It is no secret that the CIA, FBI and the National
Security Agency (NSA) bungled a multitude of opportunities to foil the 9/11
plot. There were no fewer than 12 intelligence reports in the three years
preceding 9/11 that Osama bin Laden planned to use aircraft as weapons and
crash them into buildings in Washington and New York City, information that was
included in the president’s daily intelligence brief.
In addition to the 2004
report by the 9/11 Commission, the often astonishing list of intelligence
failings that contributed to the success of the attacks has been exhaustively
documented in a 832-page Joint Intelligence Committee report dated December
11, 2002, with a declassified version released in July 2003; a 400-page report
by the Justice Department’s Inspector General that was made
public in June 2005 after being kept secret for a year; and a secret report by the CIA’s Inspector General, with a
redacted 19-page executive summary finally released in August 2007. According
to these documents, the failure to protect the country was caused by poor
judgment, communication lapses, bureaucratic turf wars, insufficient training
in legal procedures such as how to use the Foreign Intelligence Surveillance
Act (FISA) to monitor suspected spies and terrorists and how and when to share
information, simple incompetence, too few skilled analysts and language
specialists, more information than could be processed in a timely fashion, and
the fact that the responsibility for sharing information among the CIA, FBI,
NSA and other federal agencies had not been clearly spelled out.
In his minority report to the Joint Intelligence
Committee, Alabama Republican Sen. Richard Shelby urged agency leaders to be
held accountable for the litany of failures. This was never done.
Instead, well before the public was alerted to the extent of the multiple
intelligence failures, the government embarked on a “fix” that bore little
relation to the actual shortcomings outlined in the reports, greatly expanding
surveillance powers at the expense of civil liberties, filling the information
vacuum through mass arrests and interviews, and applying advanced technology to
databases of information in hopes of detecting suspicious patterns and people.

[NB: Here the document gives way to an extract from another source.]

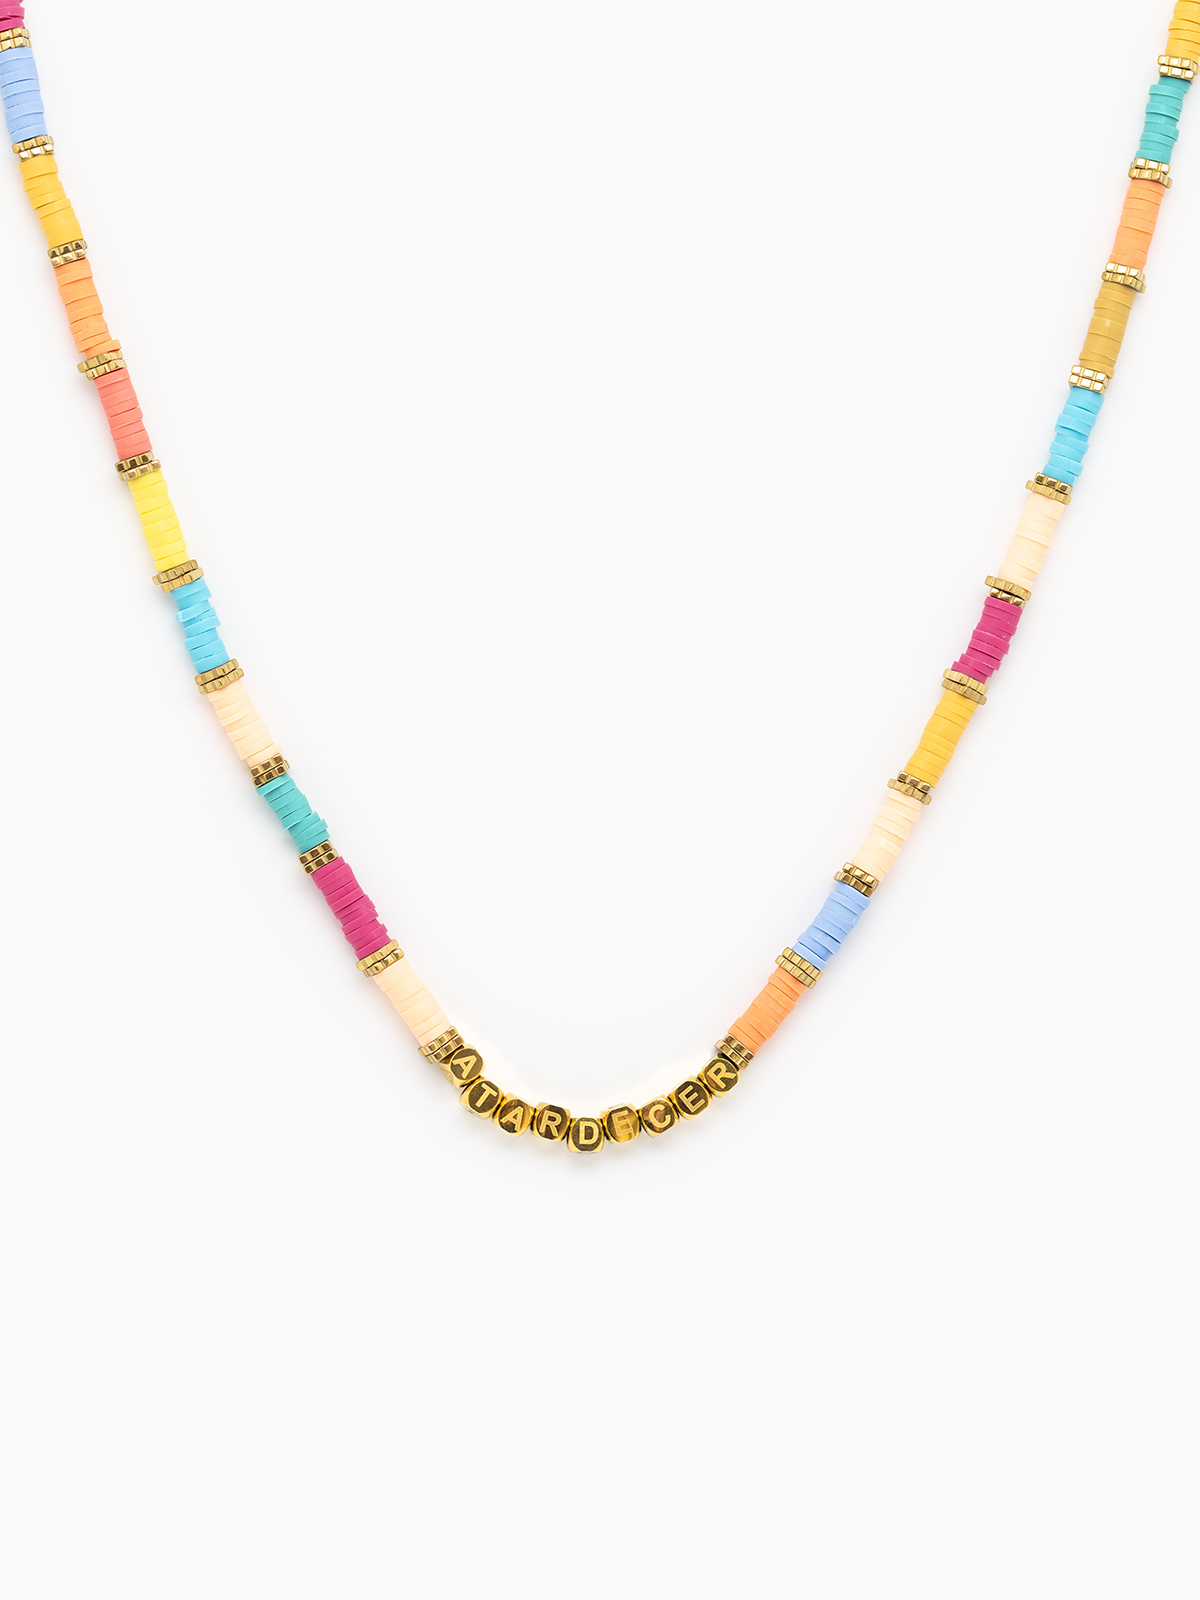 Collar con piedras de colores azules, amarillos y rosa, modelo Atardecer de la colección de verano de la marca de joyas AmaloA.

Few Members of Congress asked whether such a response
to 9/11 was necessary, or even advisable. With the exception of one senator and
66 House members, they lined up behind the far-ranging
USA Patriot Act without debating or even reading the draft that had been
transmitted to Congress a week after the attacks. Signed into law by President
Bush on October 26, 2001, the Act (among many other things) expanded the FBI’s
authority to wiretap phones, monitor computers and have homes and offices
secretly searched without a demonstration of probable cause of criminal
wrongdoing. It enlarged FBI powers to issue National Security Letters (NSLs) - which were not reviewed
by any court and came complete with a gag provision - to compel Internet
service providers, banks, credit card companies, libraries and other businesses
to turn over sensitive client information. With an order rubber-stamped by the
Foreign Intelligence Surveillance Court, the FBI could also demand “any
tangible thing” from an individual or organization, even if it had nothing to
do with a terrorist suspect. The recipient of such an order was also gagged and
faced jail time if he or she revealed its existence.

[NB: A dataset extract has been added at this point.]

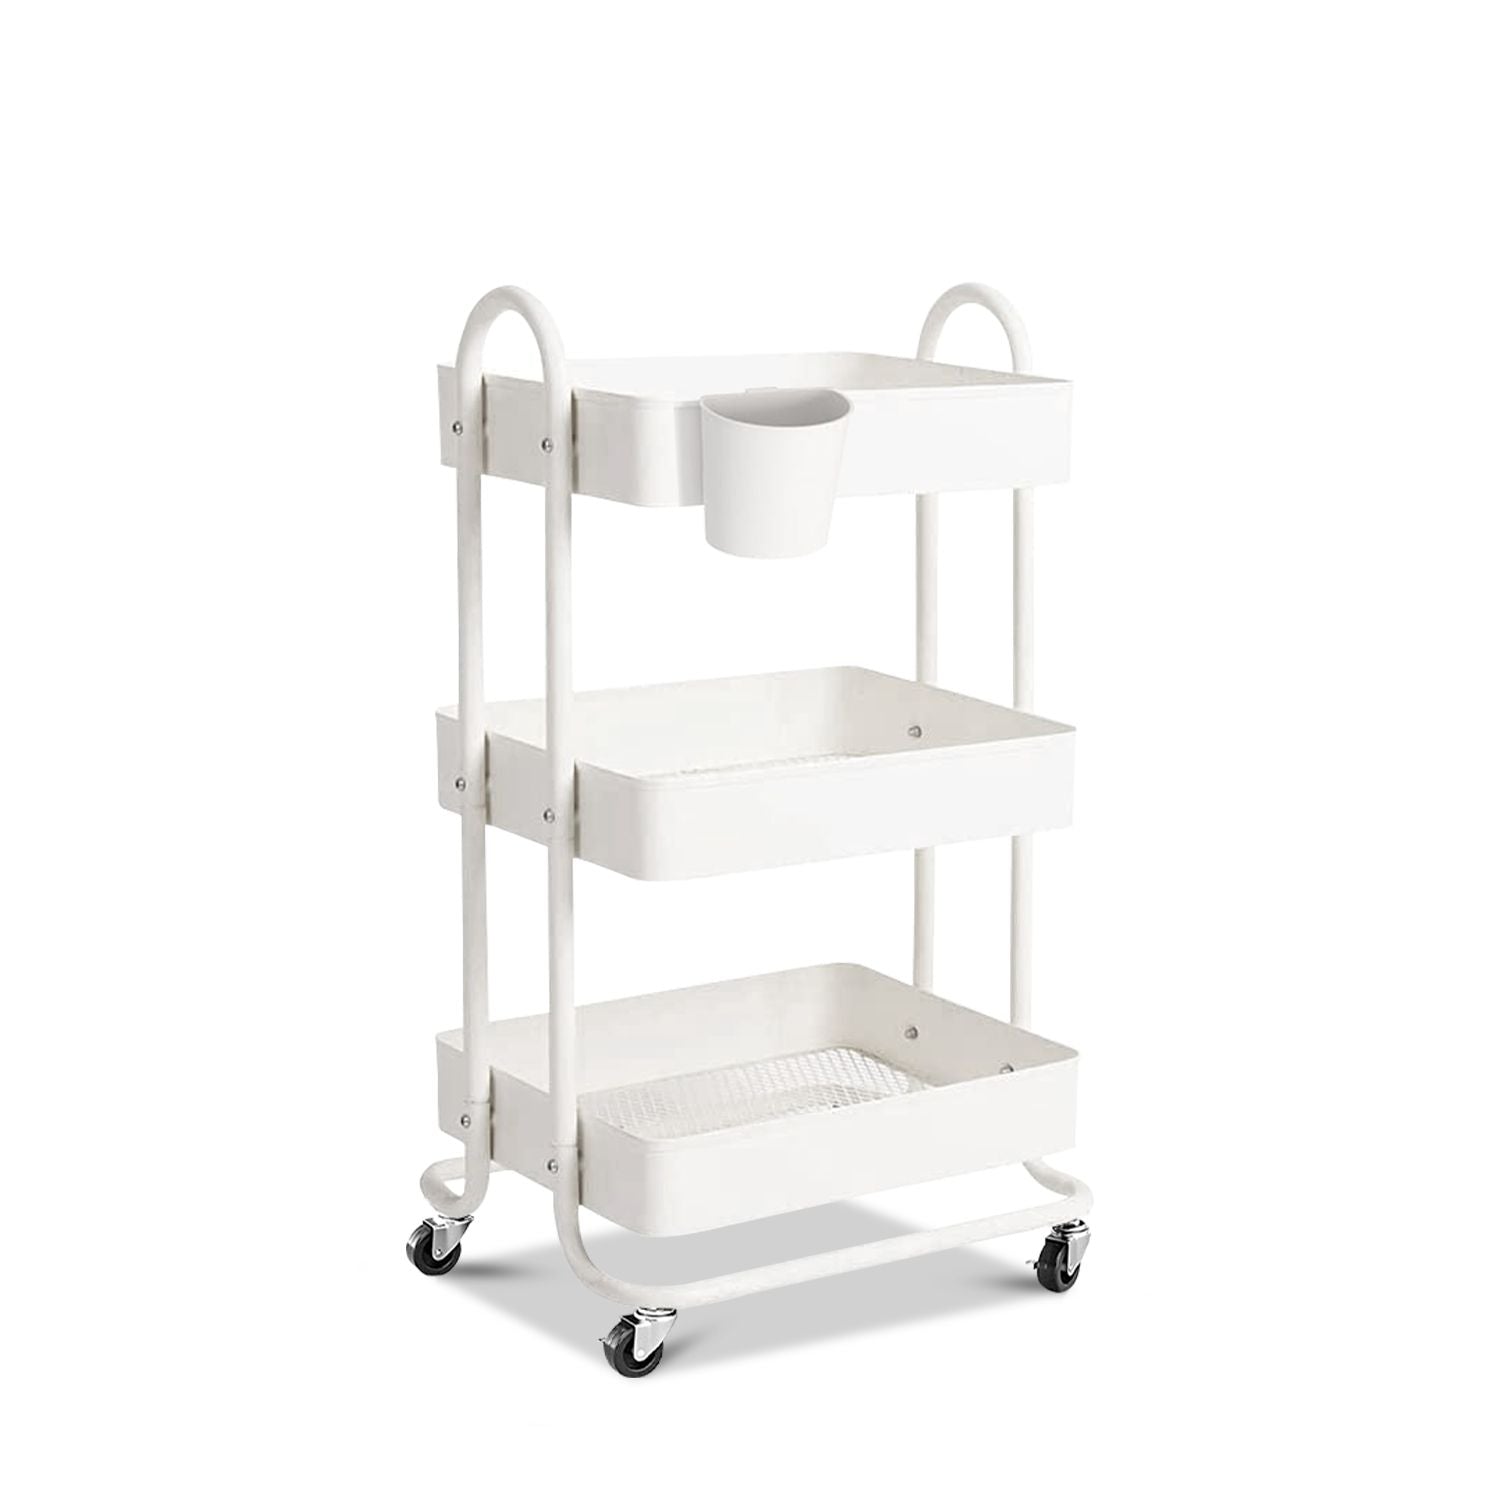 EKKIO Kitchen Trolley Cart 3 Tier (White)

In the following years, Congress greatly enlarged the
range of financial and other institutions that could be served with NSLs (nearly
200,000 of which were issued in the period 2003-2006 alone), further expanded
the government’s wiretap authority and watered down the 1978 FISA to permit the
surveillance of individuals not affiliated with known international terrorist
groups. Not content with the expanded powers given to the FBI by Congress, the
Justice Department changed FBI guidelines in 2002, and again in 2008, to make it easier to spy on and infiltrate
lawful domestic religious, civic and political activity without any suspicion
of wrongdoing.
The NSA was meanwhile doing its own end run around the FISA proviso that a
warrant be obtained before Americans could be wiretapped. Soon after 9/11,
President Bush issued a secret executive order authorizing the NSA to conduct warrantless surveillance of Americans’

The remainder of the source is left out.